# Watch out,the boy turned 16!!!!!



## NiteHunter (Feb 22, 2011)

I've been putting this off for a little while,but my baby boy turned 16 on 2-10-11.We gave him the F-150 i bought a couple years ago.Here he is with his new ride.It looks a bit different than when i drove it.


----------



## Hoss (Feb 22, 2011)

How long before he puts some mud on it?  Good looking ride and a belated happy birthday to the young man.

Hoss


----------



## GeorgiaPineHunter (Feb 24, 2011)

Great lookin' truck. Tell him happy birthday!


----------



## Jody Hawk (Feb 26, 2011)

I know he's loving that !!!!!! Enjoy it young man and don't get a heavy foot !!!!!!!!


----------



## I_like_to_hunt (Feb 27, 2011)

Haha nice truck Rory


----------



## huntindad (Mar 2, 2011)

U lookin to adopt!!lol  nice ride man!


----------



## BowChilling (Mar 2, 2011)

Late happy birthday Rory!
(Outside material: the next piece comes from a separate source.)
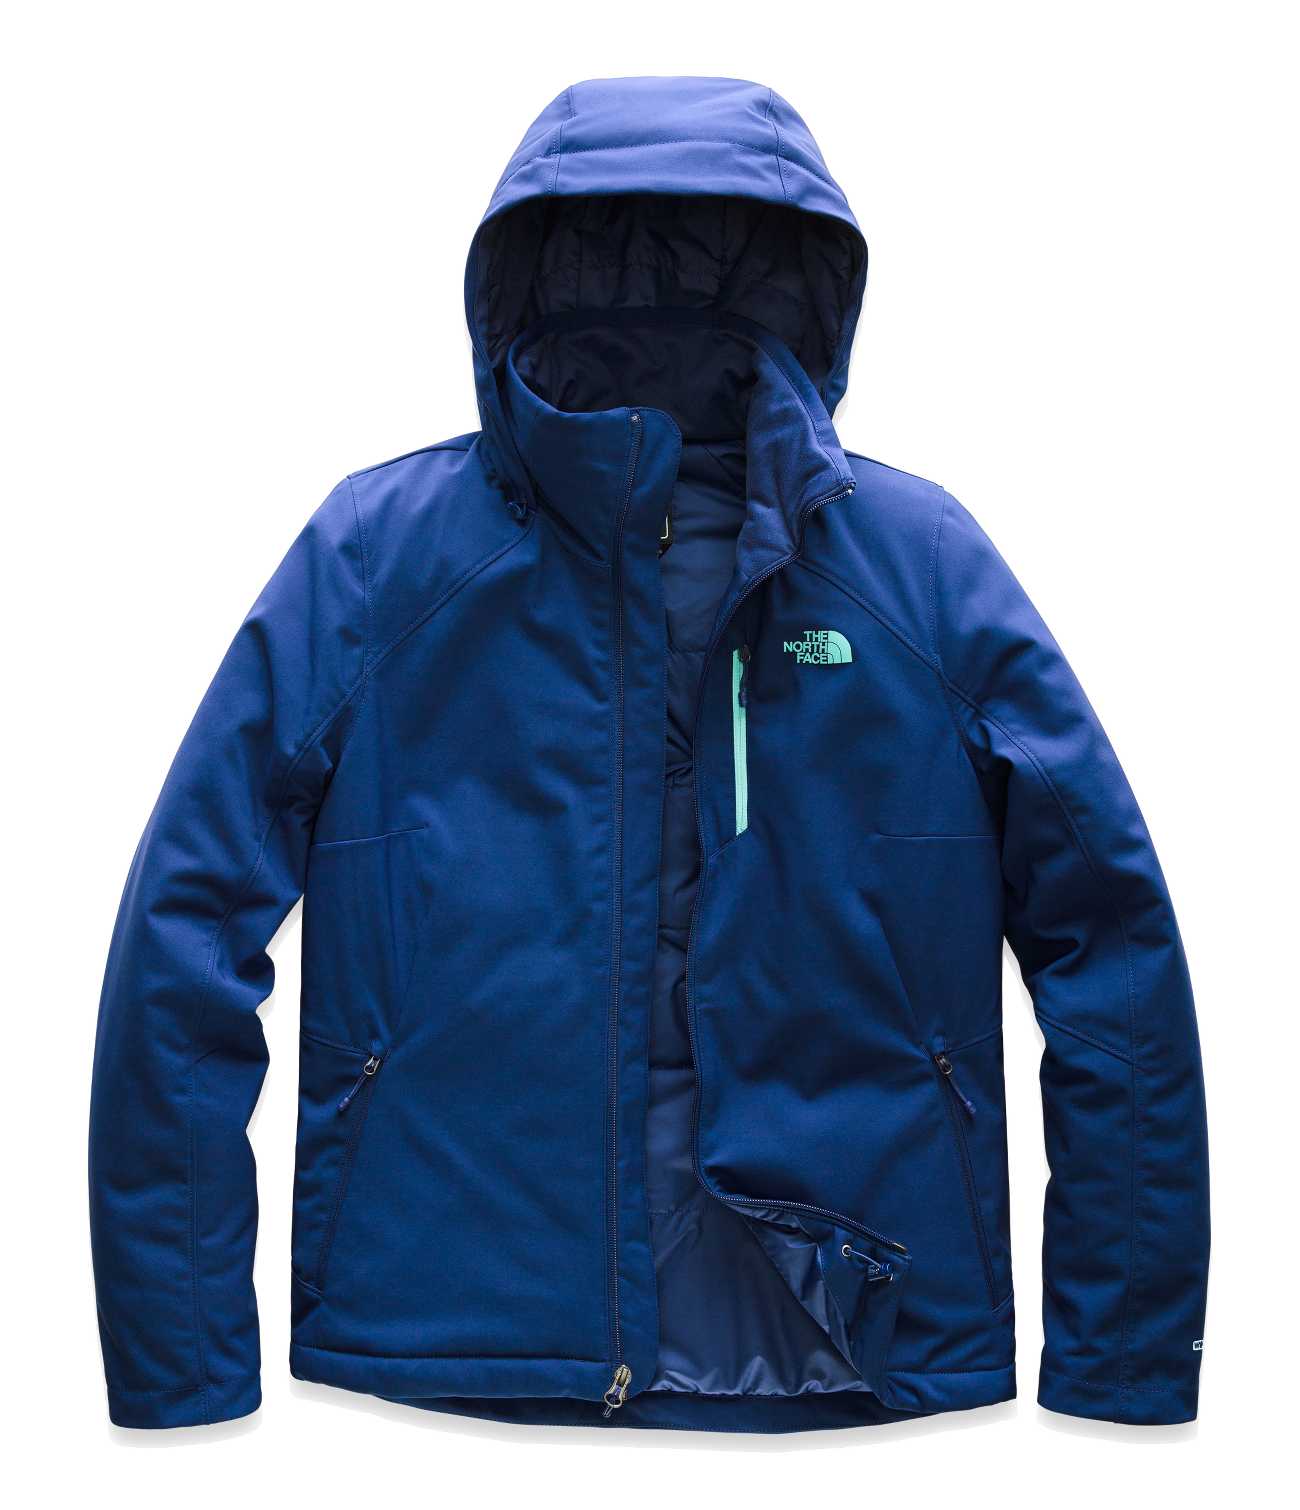 https://images.thenorthface.com/is/image/TheNorthFace/NF0A3ESQ_ZDE_hero?wid=1300&hei=1510&fmt=jpeg&qlt=50&resMode=sharp

Be safe, don't treat it like your old man would have when he was 16!!


----------



## jeremy1217 (Mar 2, 2011)

nice ride


----------



## 01Foreman400 (Jun 22, 2011)

I see him driving up and down the road all the time.


----------



## NiteHunter (Jun 22, 2011)

Burning up the gas and mudgrips!!!!  I remember 16 like it was yesterday.


----------



## Jim P (Jun 27, 2011)

Nitehunter when you said it don't look the truck you had do you mean now it's clean?


----------



## Little Mangler (Oct 18, 2011)

Happy Birthday!  Nice looking truck!


----------



## huntaholic (Oct 19, 2011)

*Cool !*

Nice TRUK !!!


----------